======== SOURCE INFORMATION ========

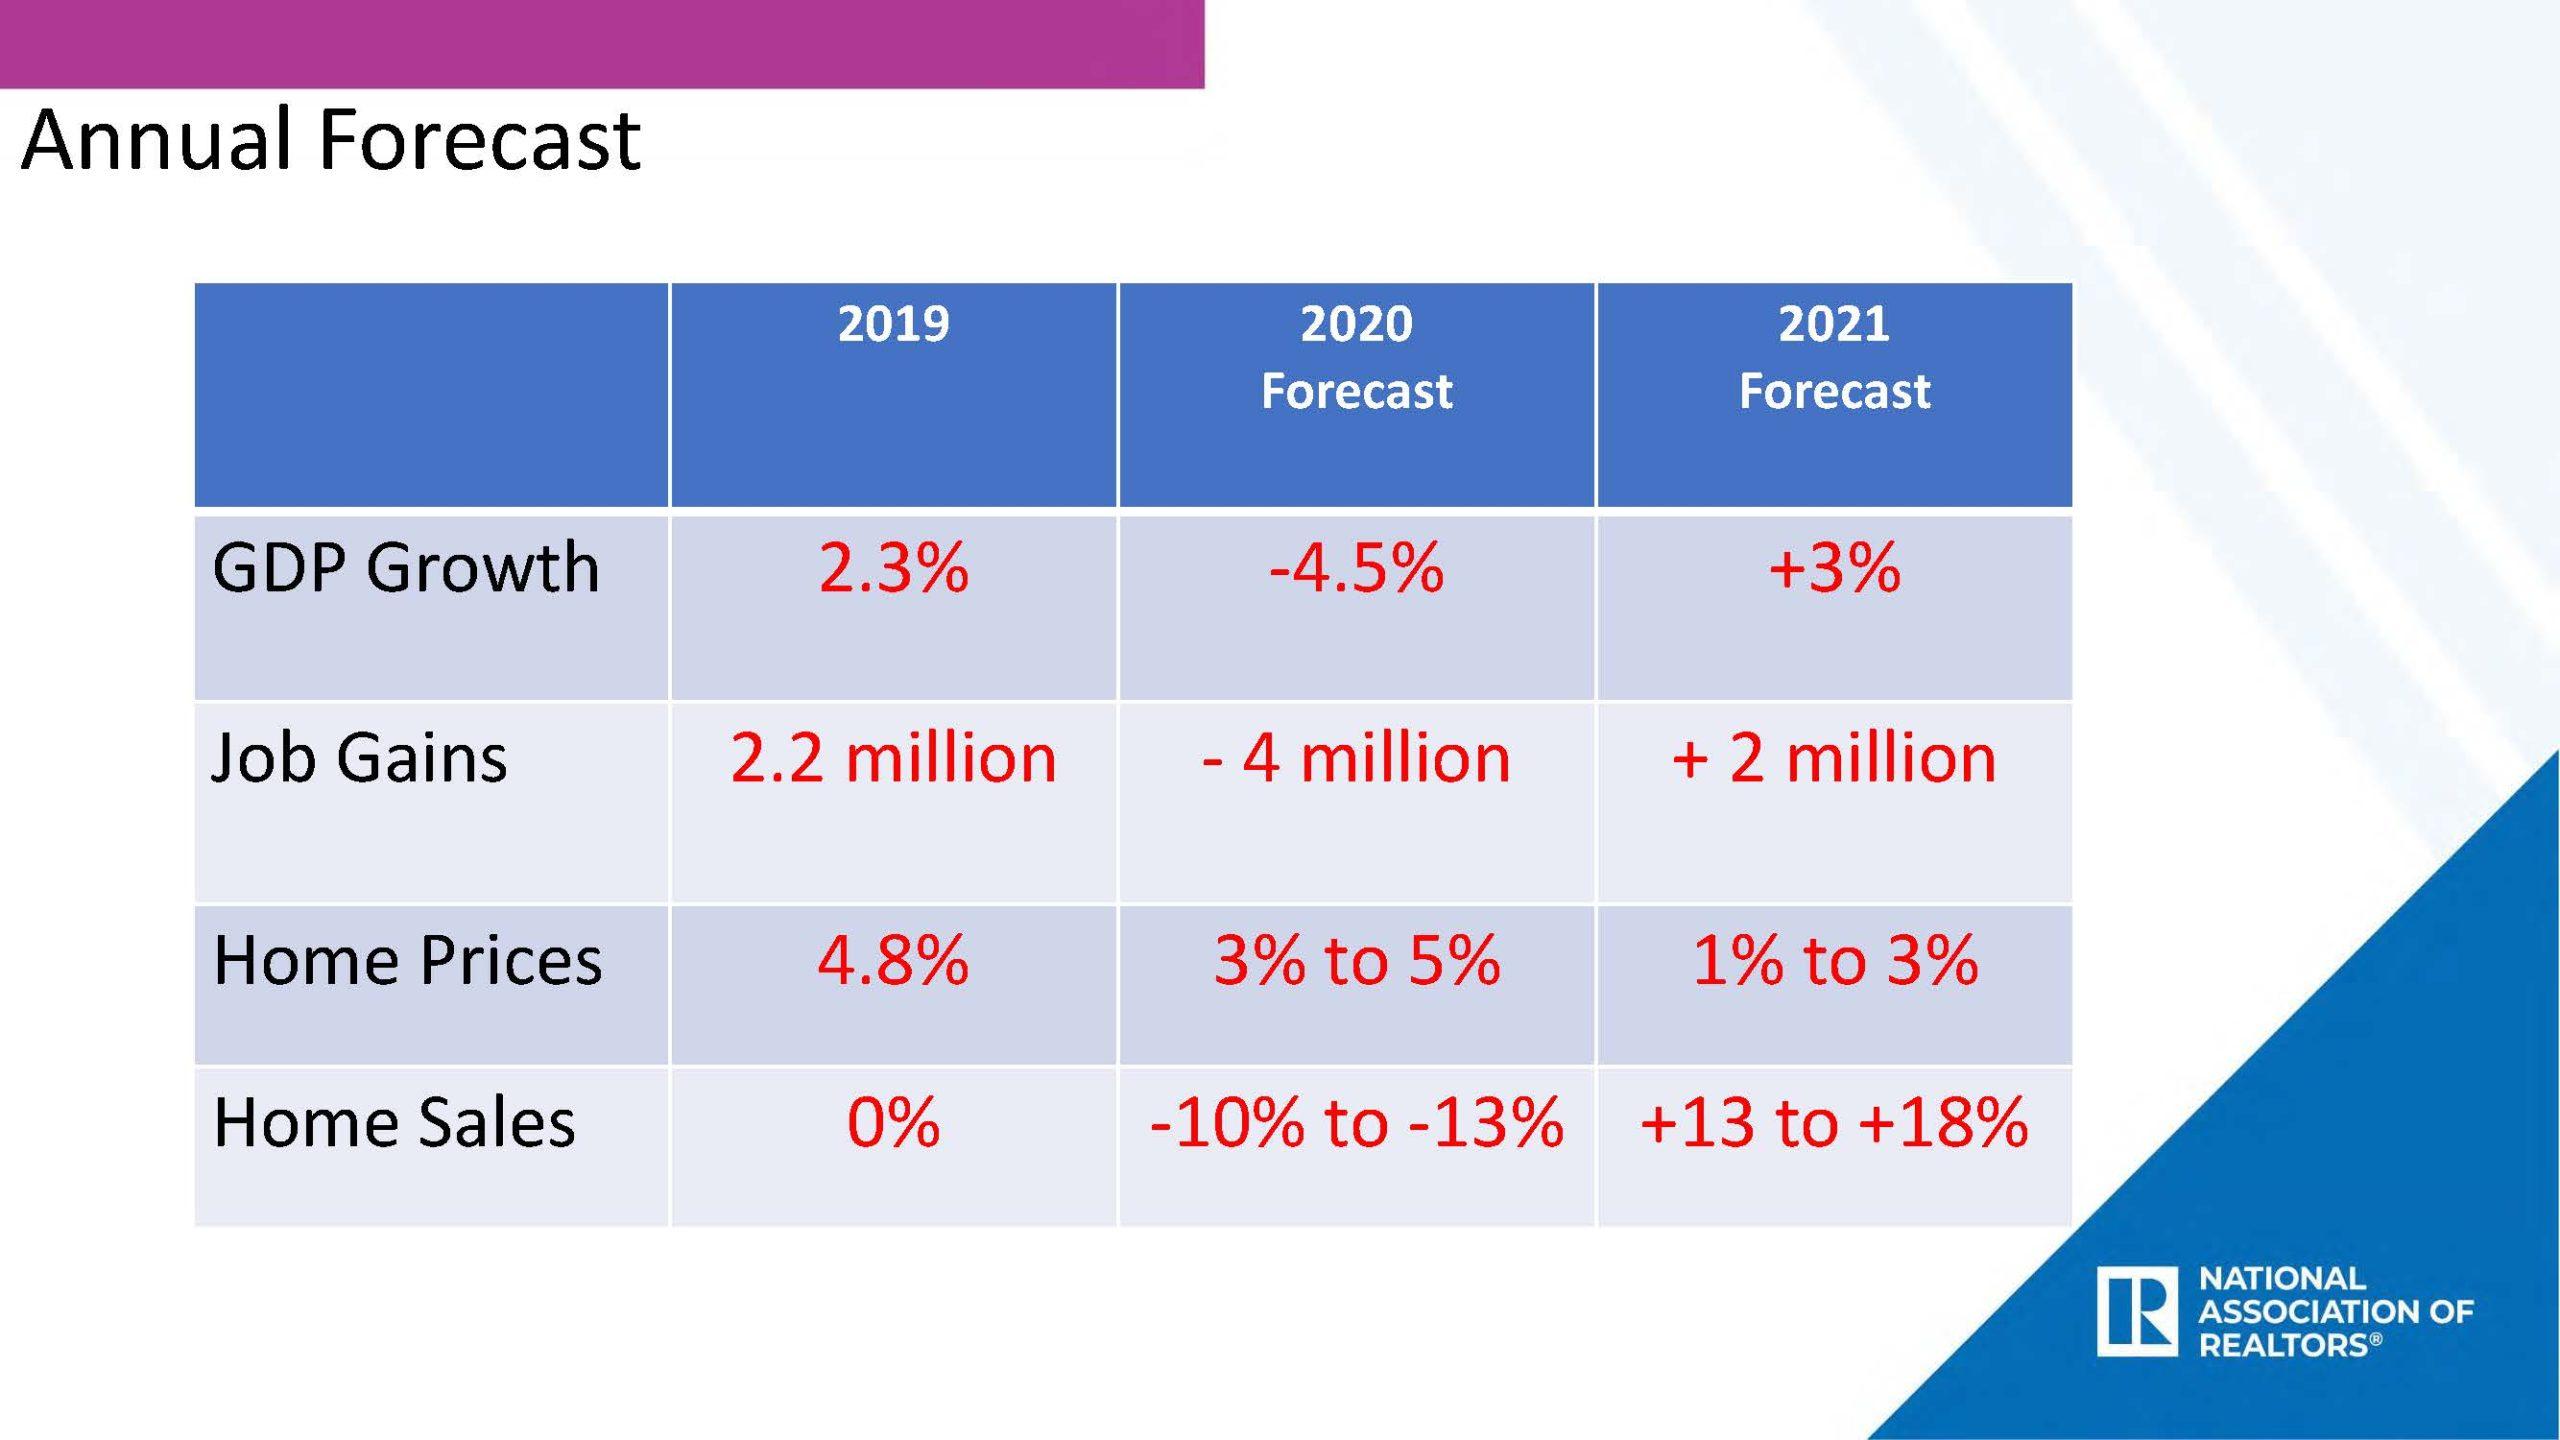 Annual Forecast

========
======== SOURCE INFORMATION ========

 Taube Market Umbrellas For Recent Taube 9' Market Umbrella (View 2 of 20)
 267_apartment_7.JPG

========
======== SOURCE INFORMATION ========

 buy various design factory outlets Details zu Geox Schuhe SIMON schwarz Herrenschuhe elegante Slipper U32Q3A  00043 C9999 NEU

========

▸ EXERCISE DIRECTIONS: Using the entries above, output exactly the lines between the line holding "Taube Market Umbrellas" and the line holding "267_apartment_7.JPG", end lines included, and nothing more.

▸ TASK RESPONSE:
 Taube Market Umbrellas For Recent Taube 9' Market Umbrella (View 2 of 20)
 267_apartment_7.JPG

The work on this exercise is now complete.